Set the listing down again exactly, please, apart from its pictures.

* Exercise data
++++++++++
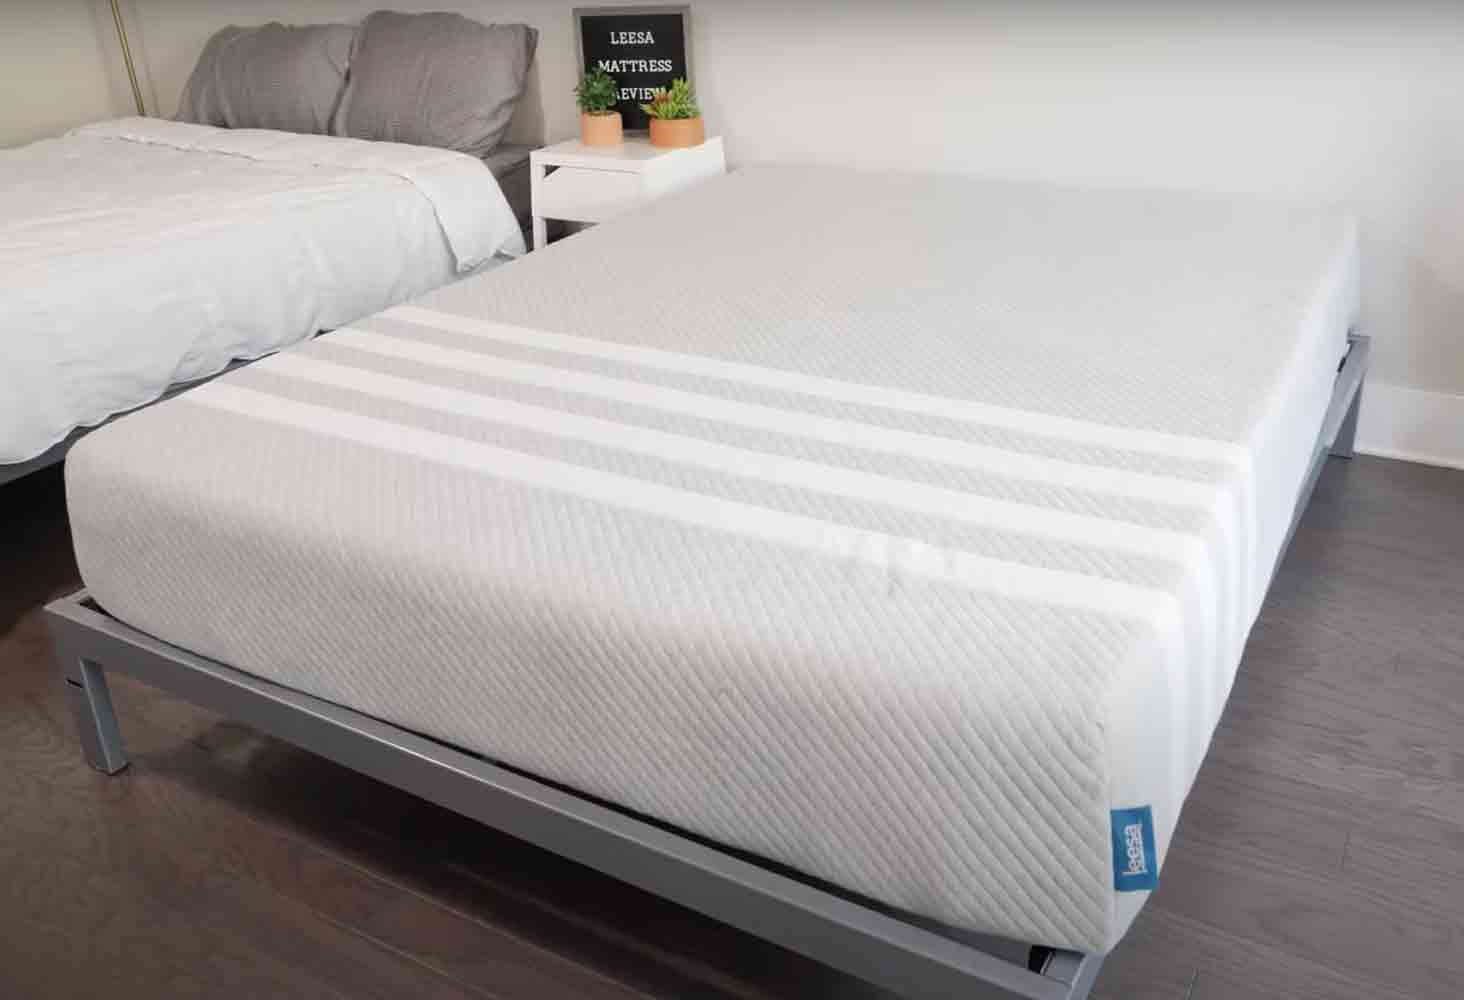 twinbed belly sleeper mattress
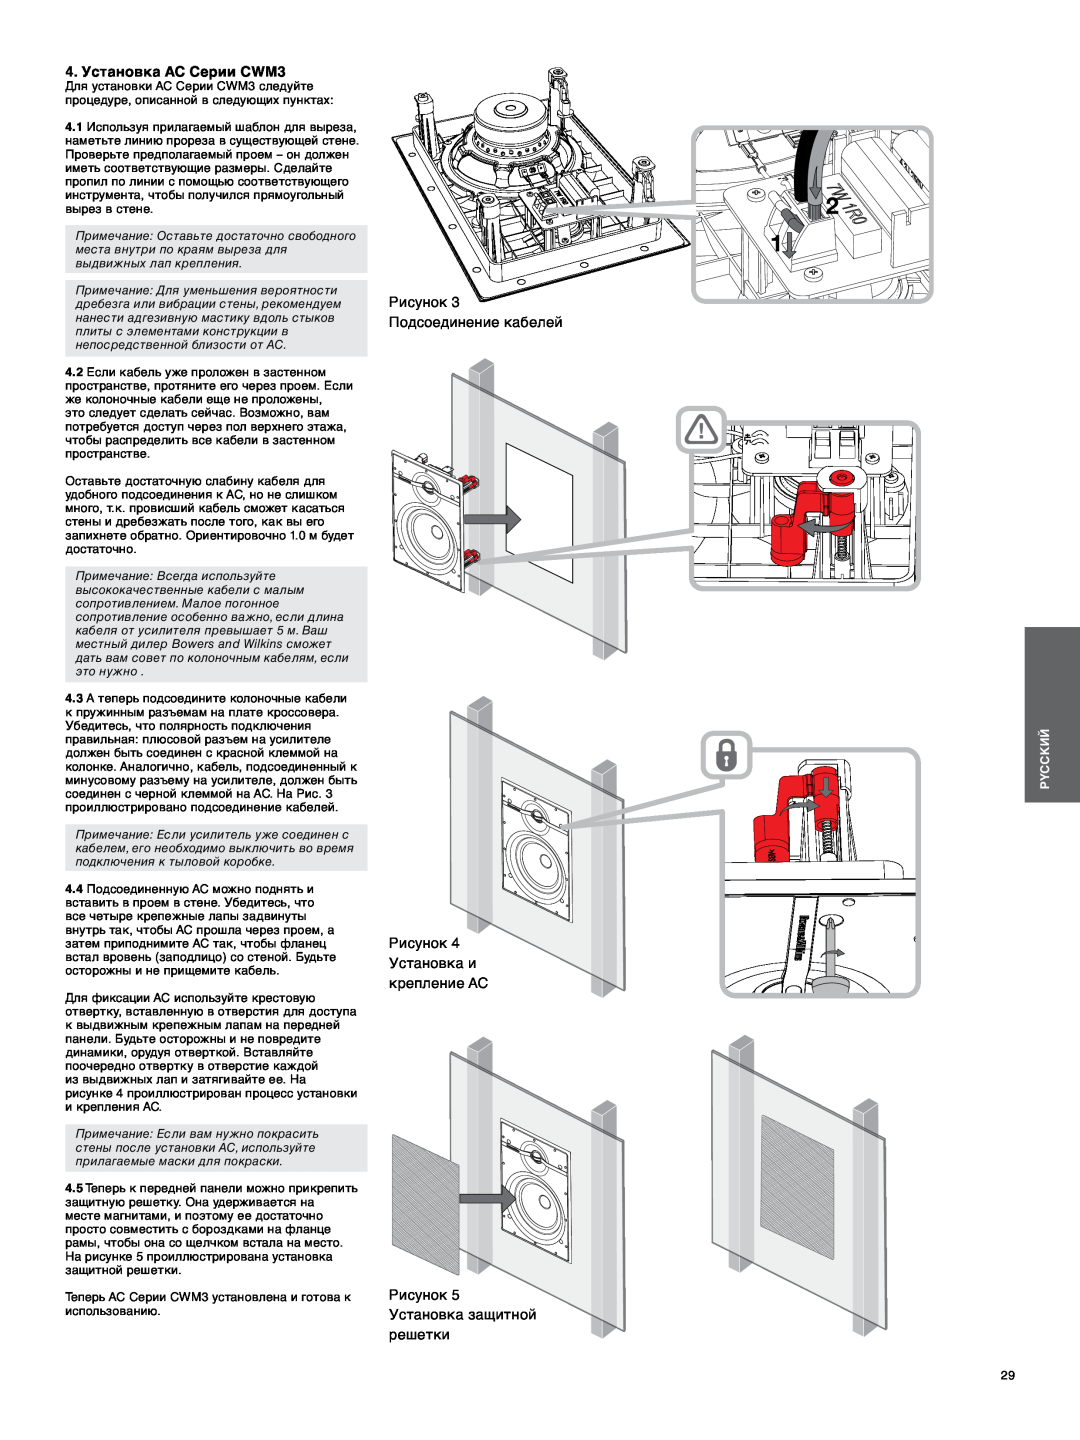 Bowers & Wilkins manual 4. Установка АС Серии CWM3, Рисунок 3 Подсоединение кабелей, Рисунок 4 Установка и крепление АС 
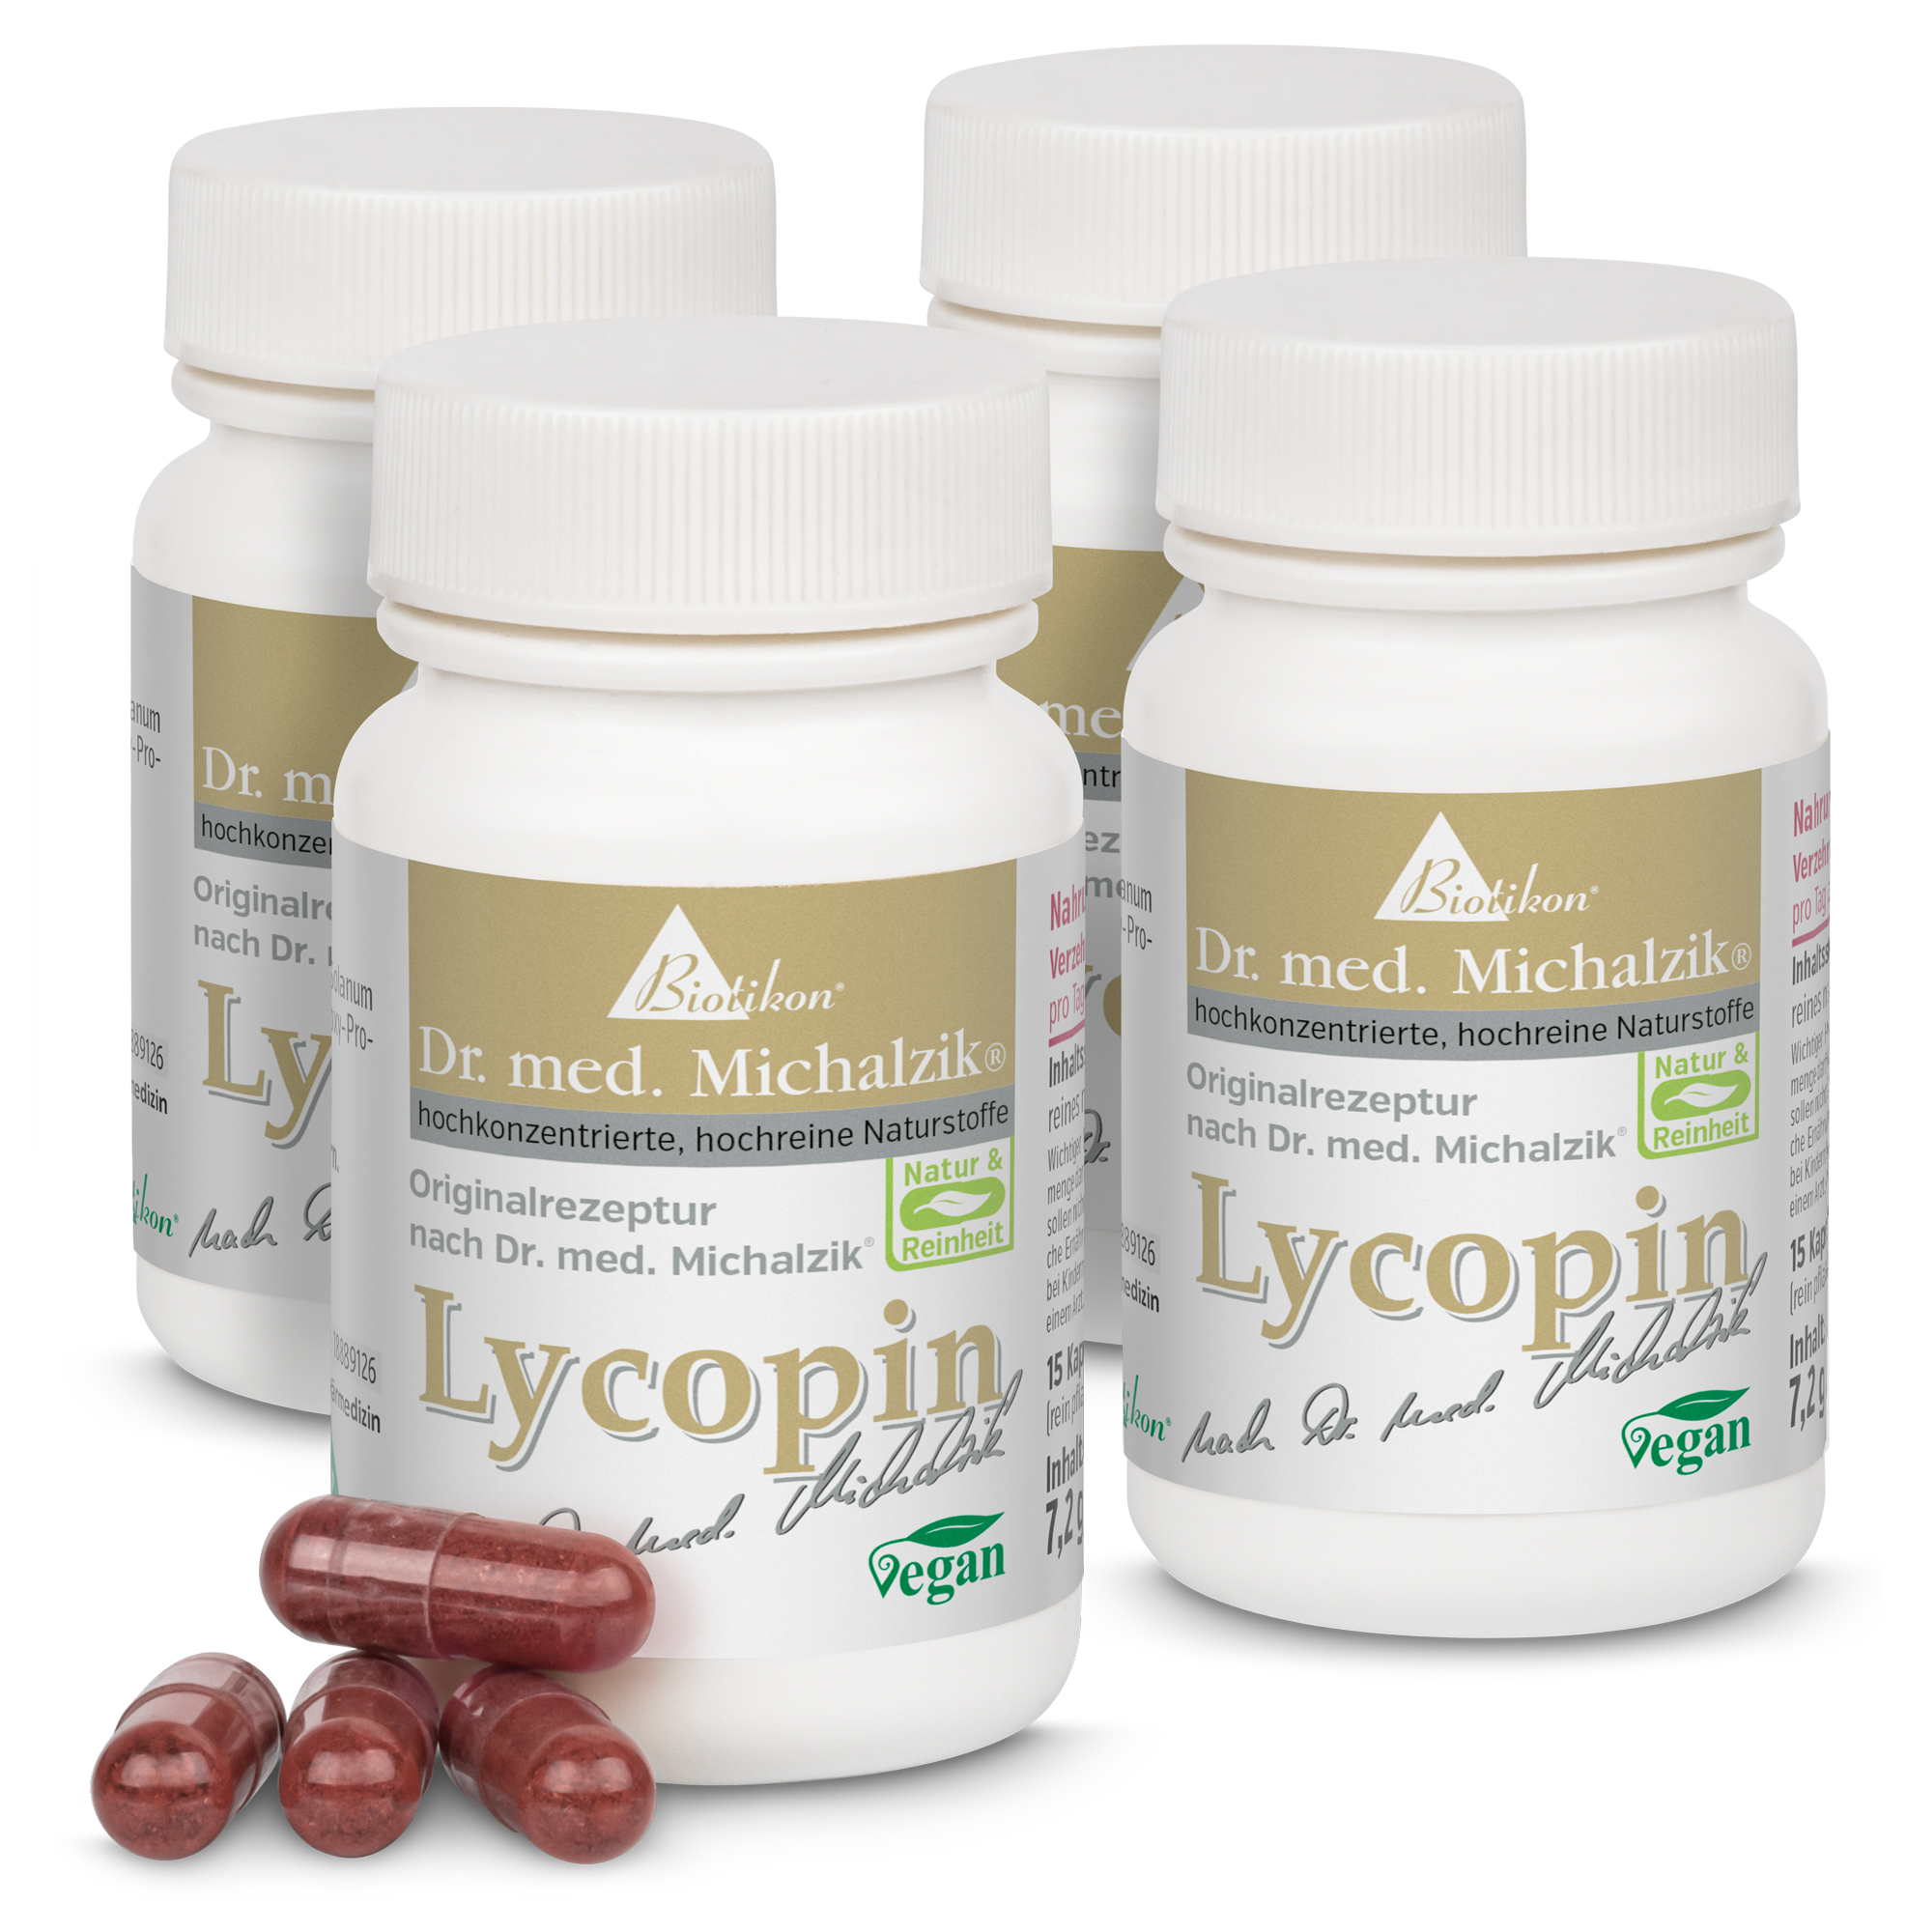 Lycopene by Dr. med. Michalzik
++++++++++
* Answer to the problem
 twinbed belly sleeper mattress
 Bowers & Wilkins manual 4. Установка АС Серии CWM3, Рисунок 3 Подсоединение кабелей, Рисунок 4 Установка и крепление АС 
 Lycopene by Dr. med. Michalzik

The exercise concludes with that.